Sarandon is joined onscreen by Sean Penn, an actor whose rise to greatness has been slow and unsteady, but whose time has finally come, as anyone who saw his knockout performances here and in Brian DePalma's Carlito's Way will testify. Here he plays Matthew Poncelet, a sneering, arrogant piece of Louisiana white trash who has been found guilty of the sexual assault and murder of a nice young middle class couple. This is the main difference between this film and other, similar, death row movies - here there is no doubt as to Poncelet's guilt. The various courtroom scenes such as the appeal and the clemency hearing are not charged with the usual frisson of hope, but more with the workaday air of routine timewasting.

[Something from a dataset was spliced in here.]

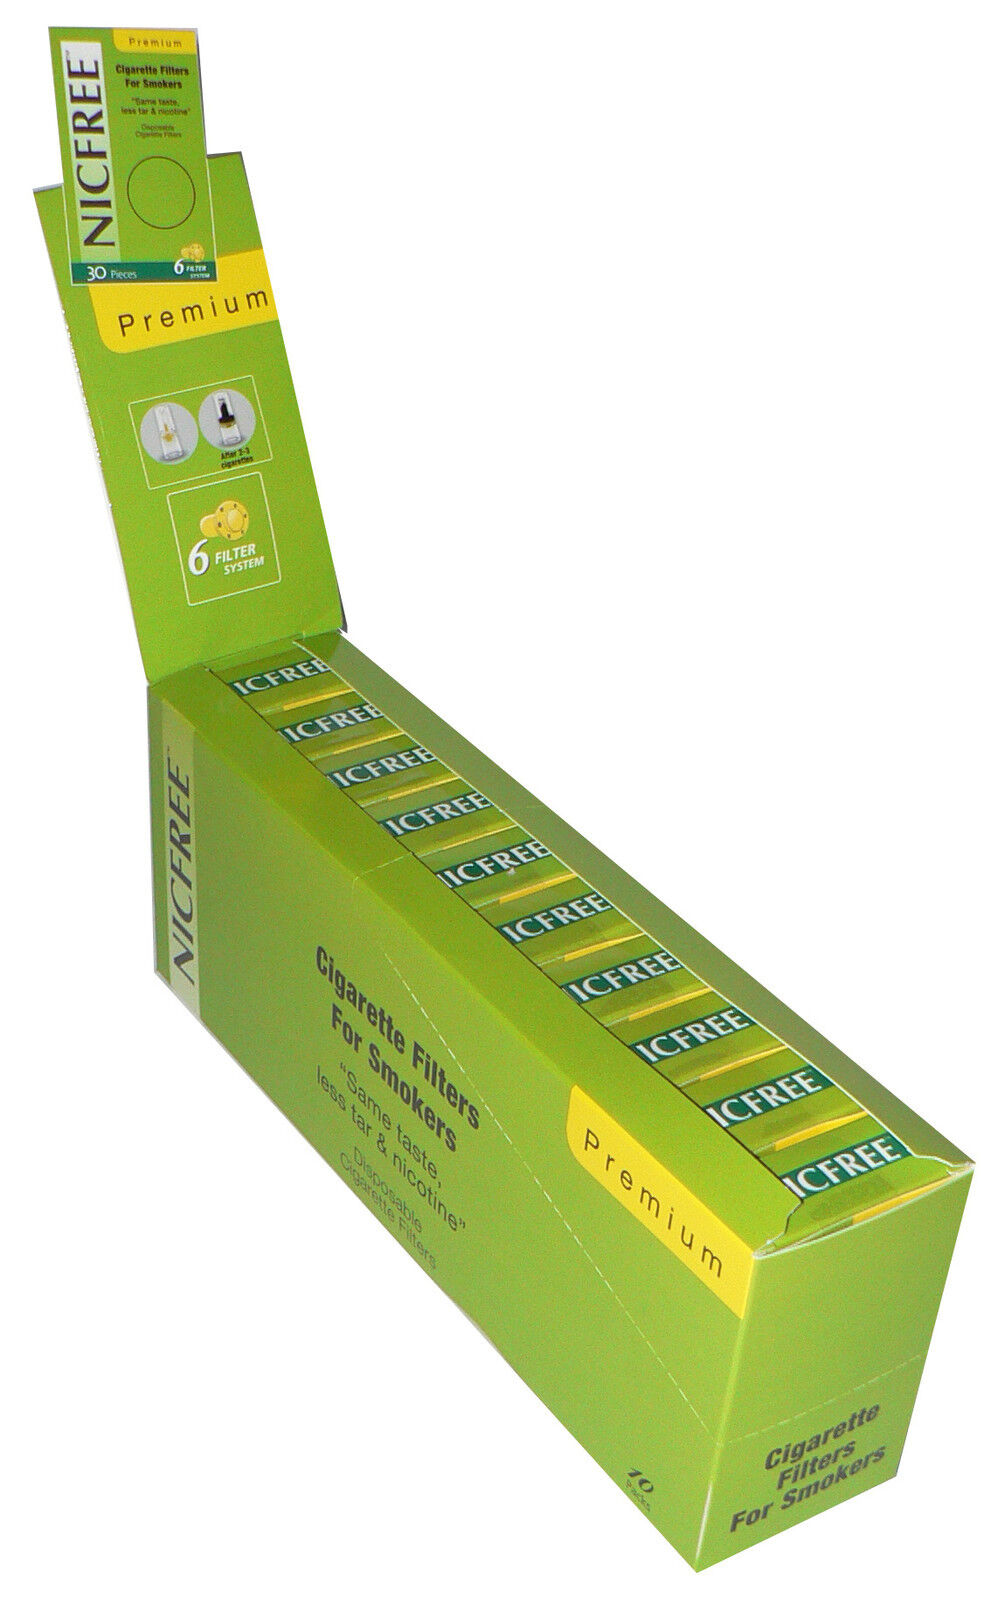 NICFREE Premium Cigarette Filters Remove Tar & Nicotine 10 Packs 300 Filters
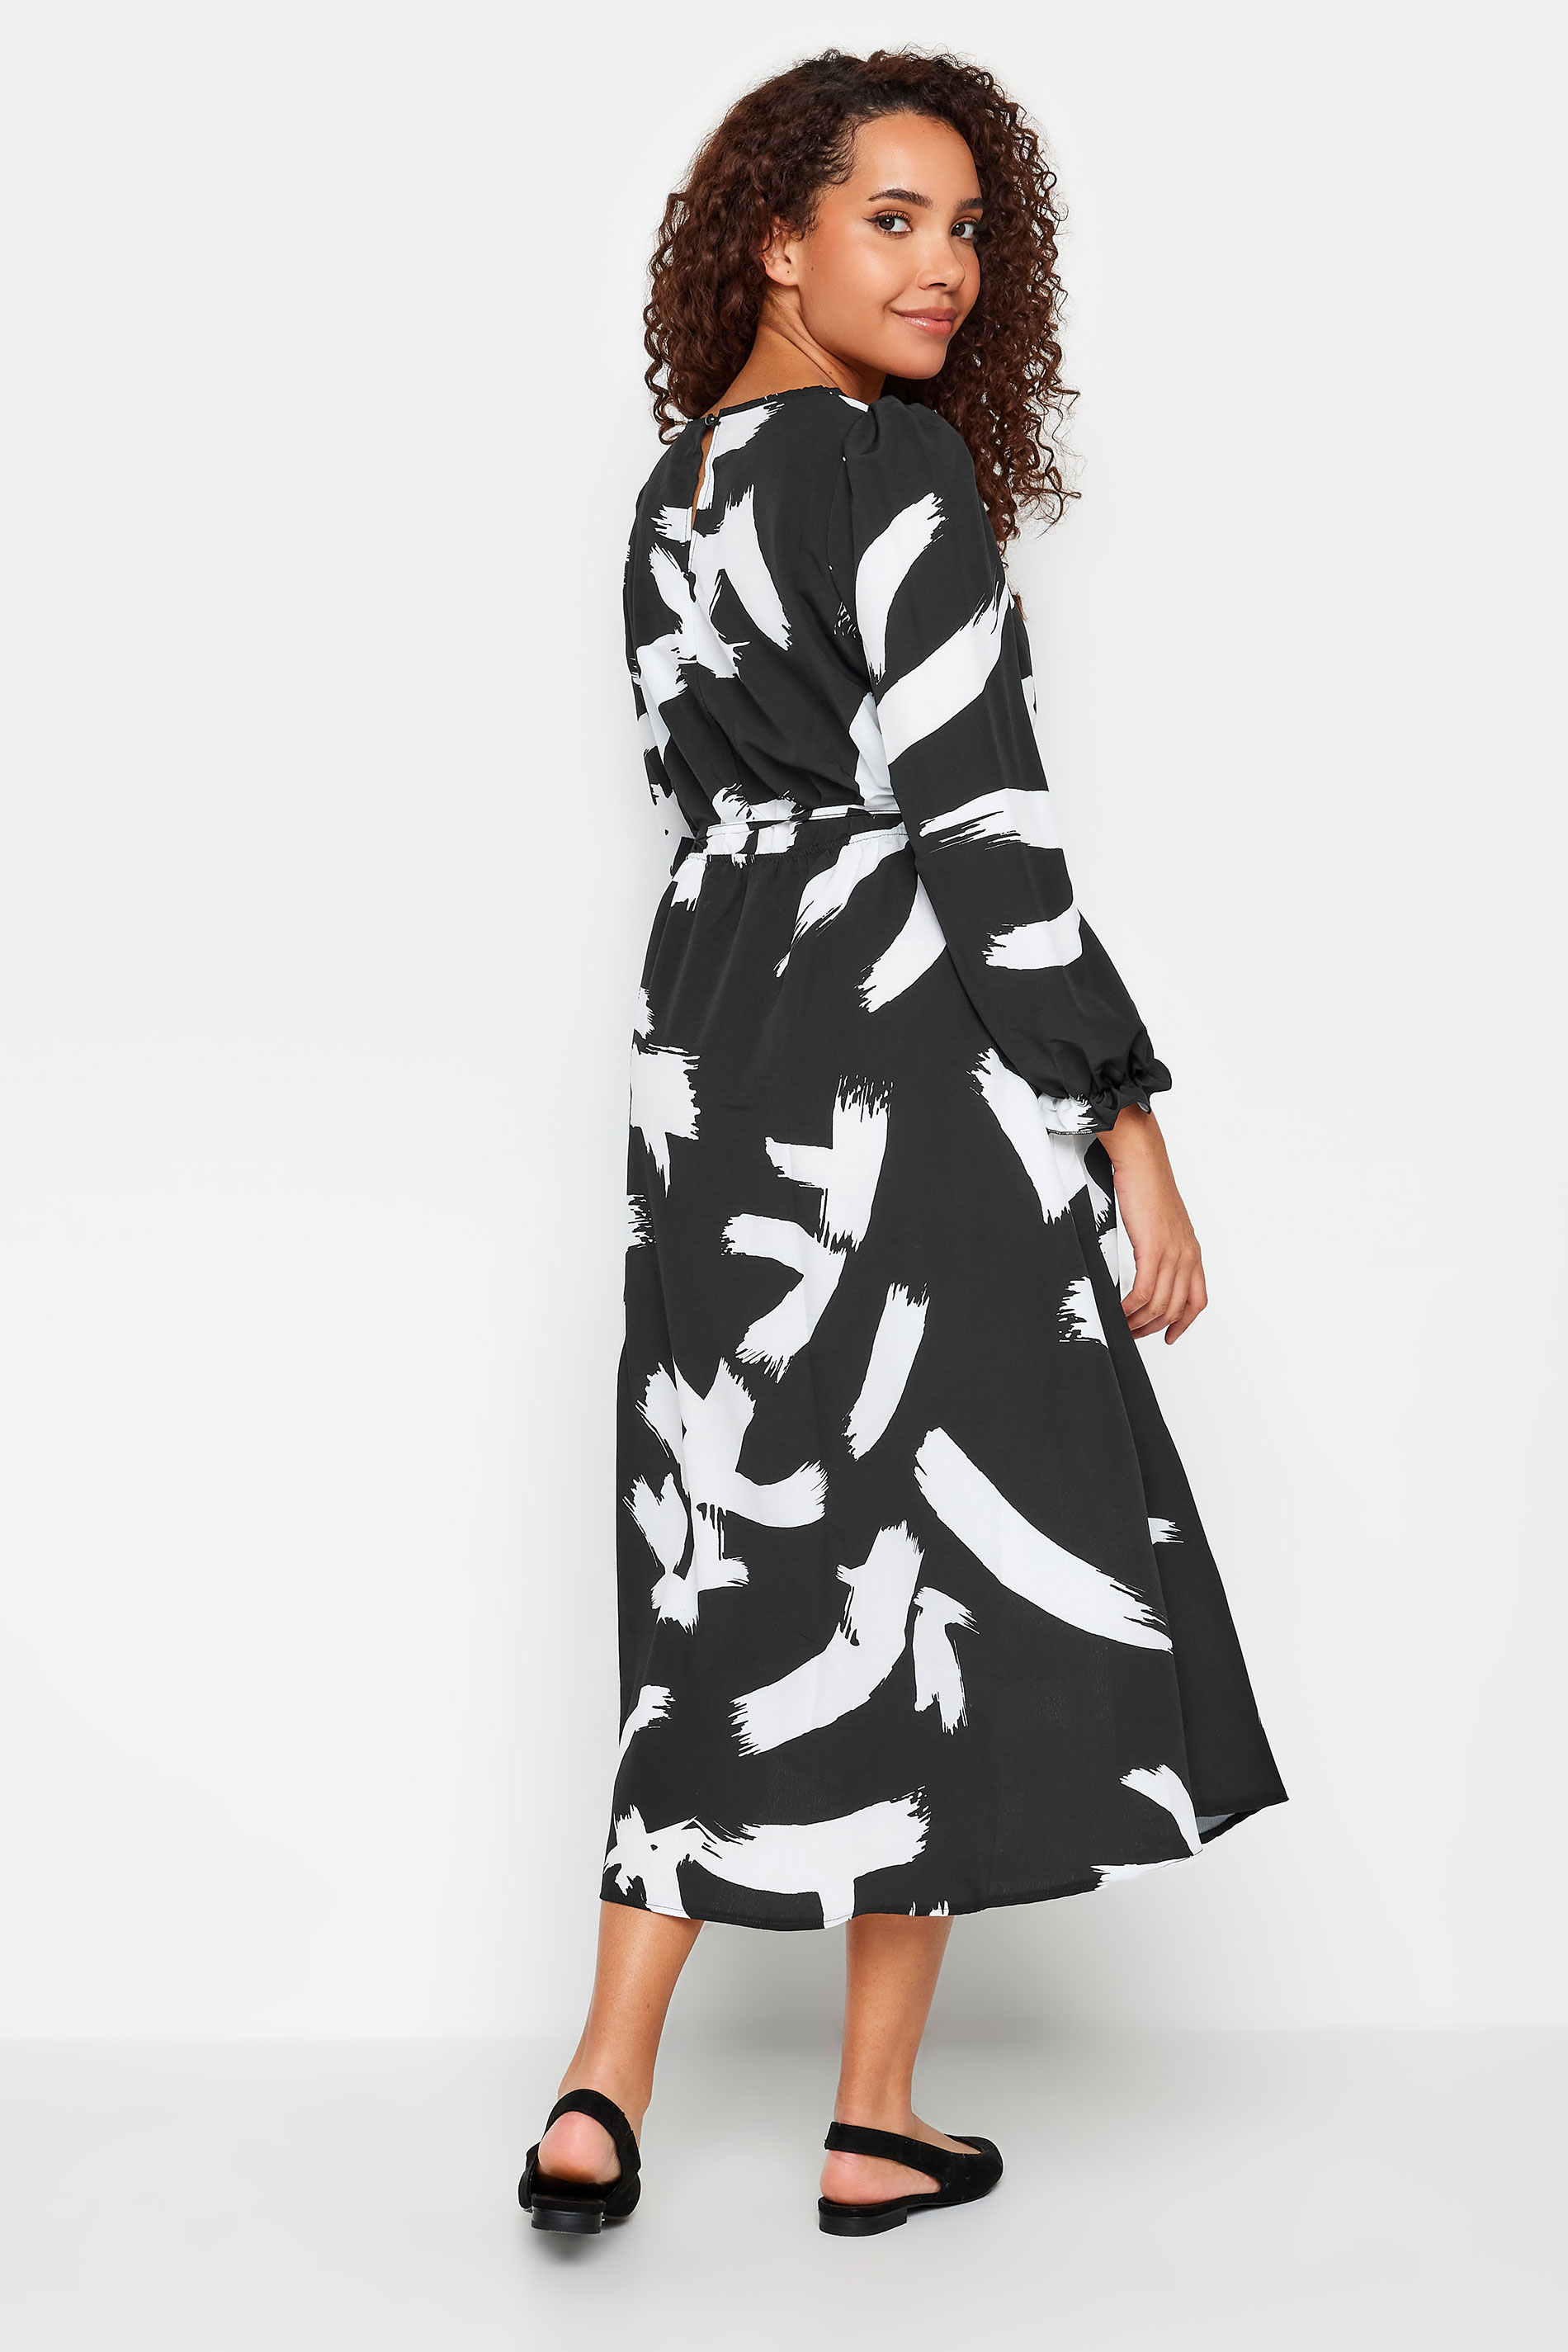 M&Co Black Abstract Print Smock Dress | M&Co 2

Sarandon is appointed as Penn's spiritual counsellor during his last days on death row, and the bulk of the scenes are simple conversations between the two of them, with Sarandon calmly pleading him to repent while he protests his innocence and shouts about appeals and lie-detector tests.
With an issue as sensitive and fraught with potential pitfalls as this, director Tim Robbins manages to present a remarkably unbiased film, with all the usual arguments for and against the death penalty given more or less equal weight. Fervent opposers of capital punishment may well find themselves questioning their beliefs during some of the scenes where Helen talks to the parents of the victims. Equally, death-penalty advocators may have a hard time with the languid, almost dreamlike mechanical brutality of the execution scene itself: a long, drawn out process contrasting sharply with the rushed panic of the final scene of Kiezslowski's A Short Film About Killing. Despite an occasional tendency to take the religious metaphors a little far, this is a stirring and important film.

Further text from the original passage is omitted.